* Task to complete
Could you print the listing again exactly, omitting the pictures?
++++ Collected data
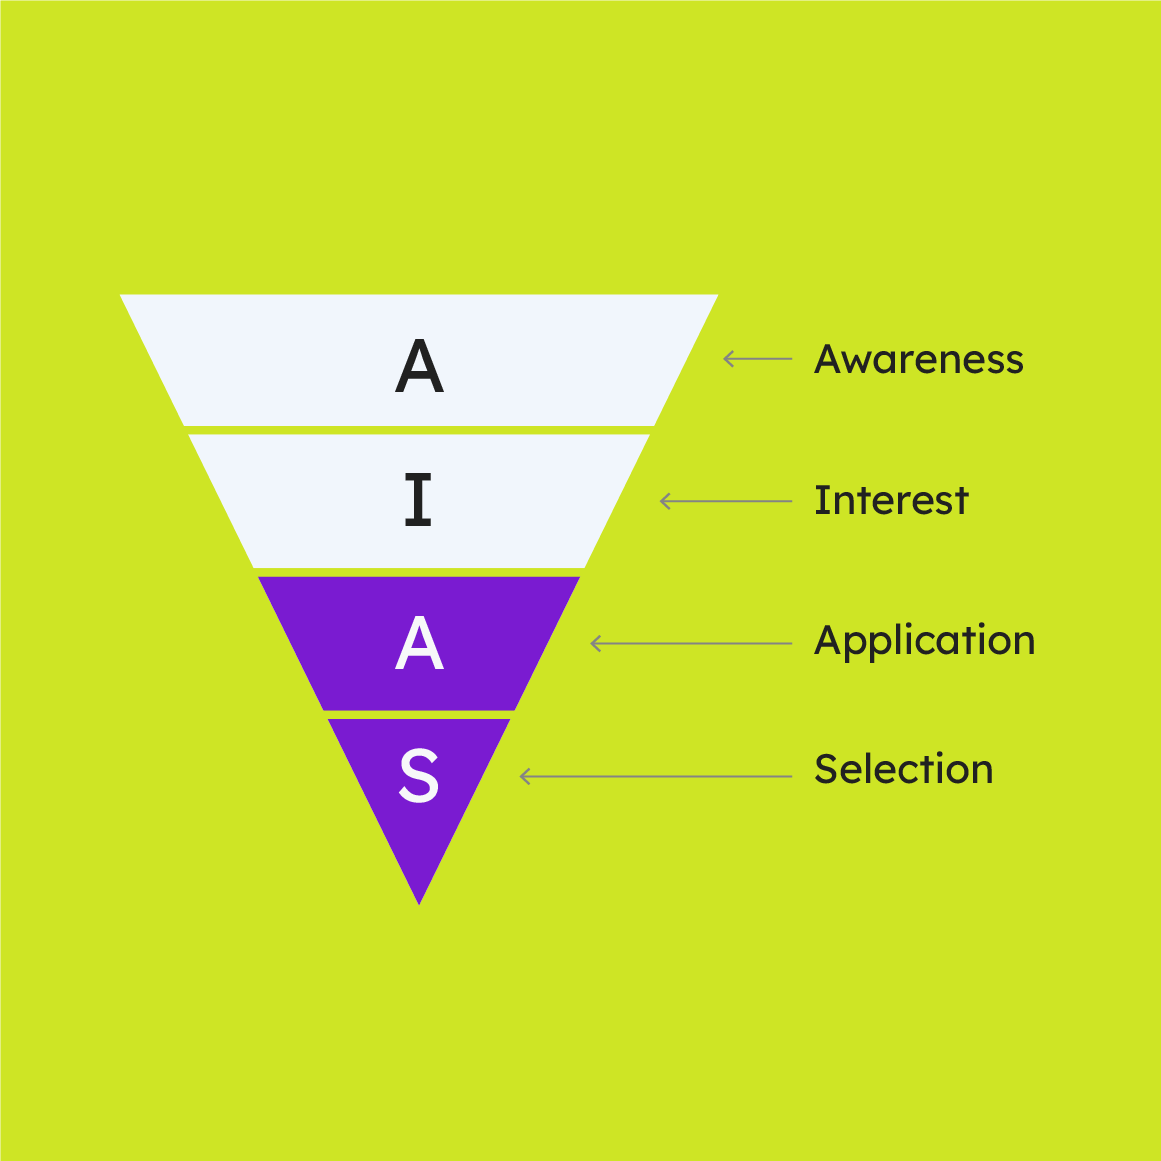 AIDA model of marketing
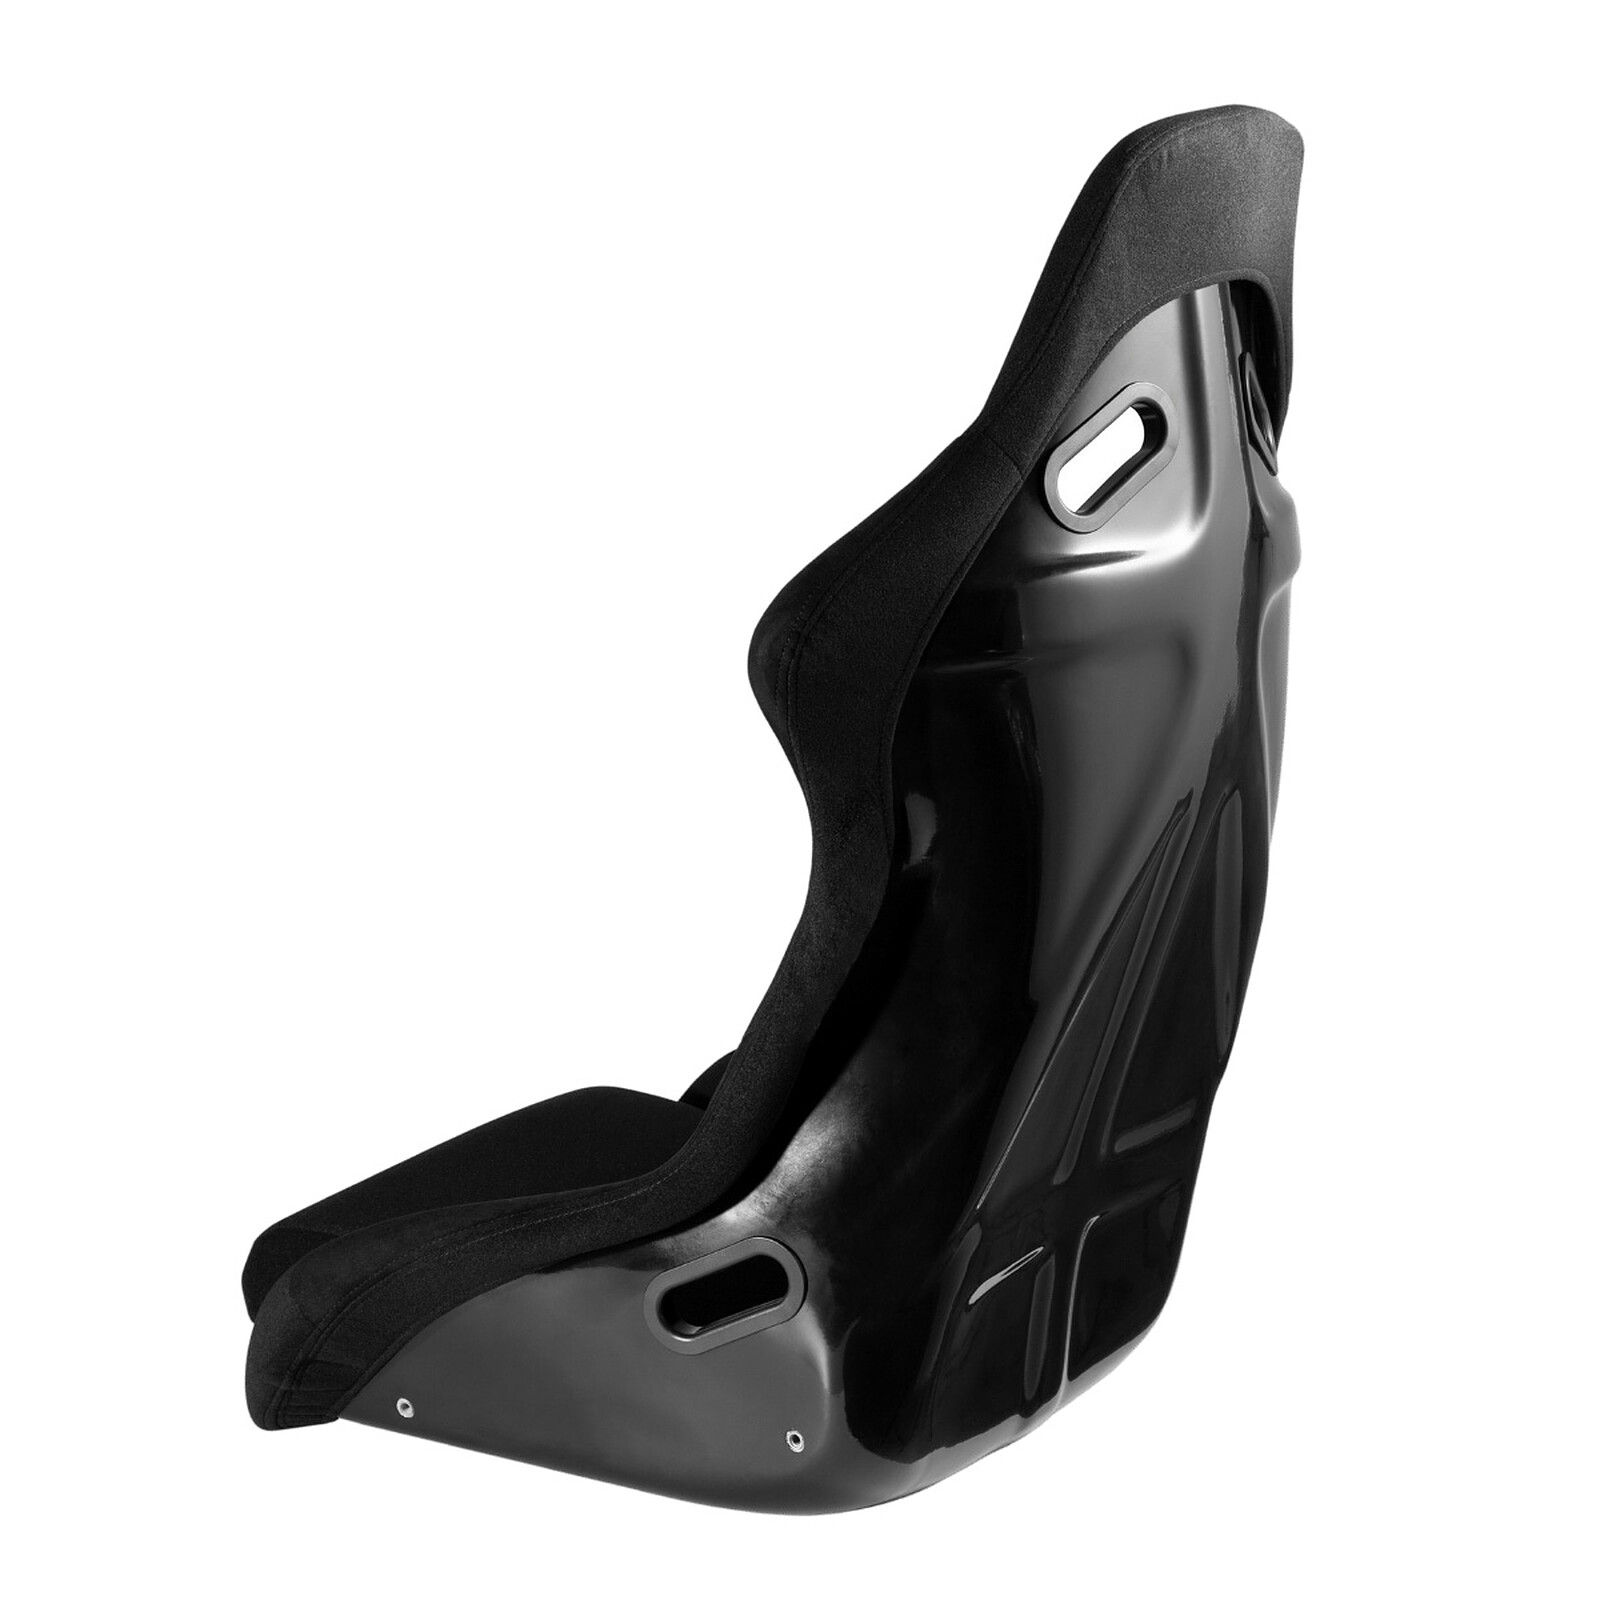 OPLITE Bucket Seat GTR - Other gaming accessories - LDLC 3-year warranty
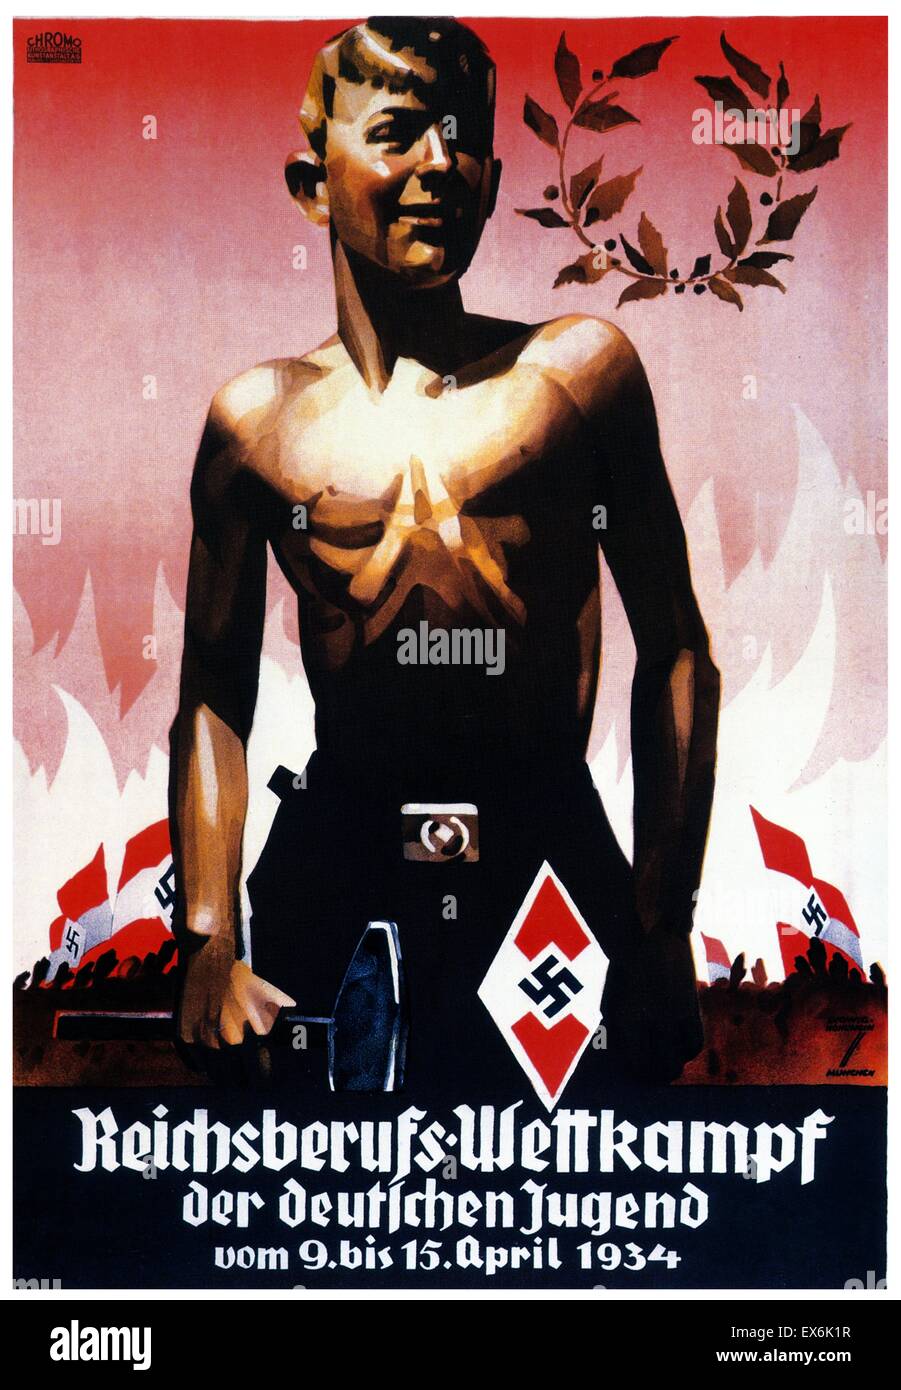 Hitler youth poster, Nazi Germany 1934 Stock Photo
++++++++
* Result of this exercise
 AIDA model of marketing
 OPLITE Bucket Seat GTR - Other gaming accessories - LDLC 3-year warranty
 Hitler youth poster, Nazi Germany 1934 Stock Photo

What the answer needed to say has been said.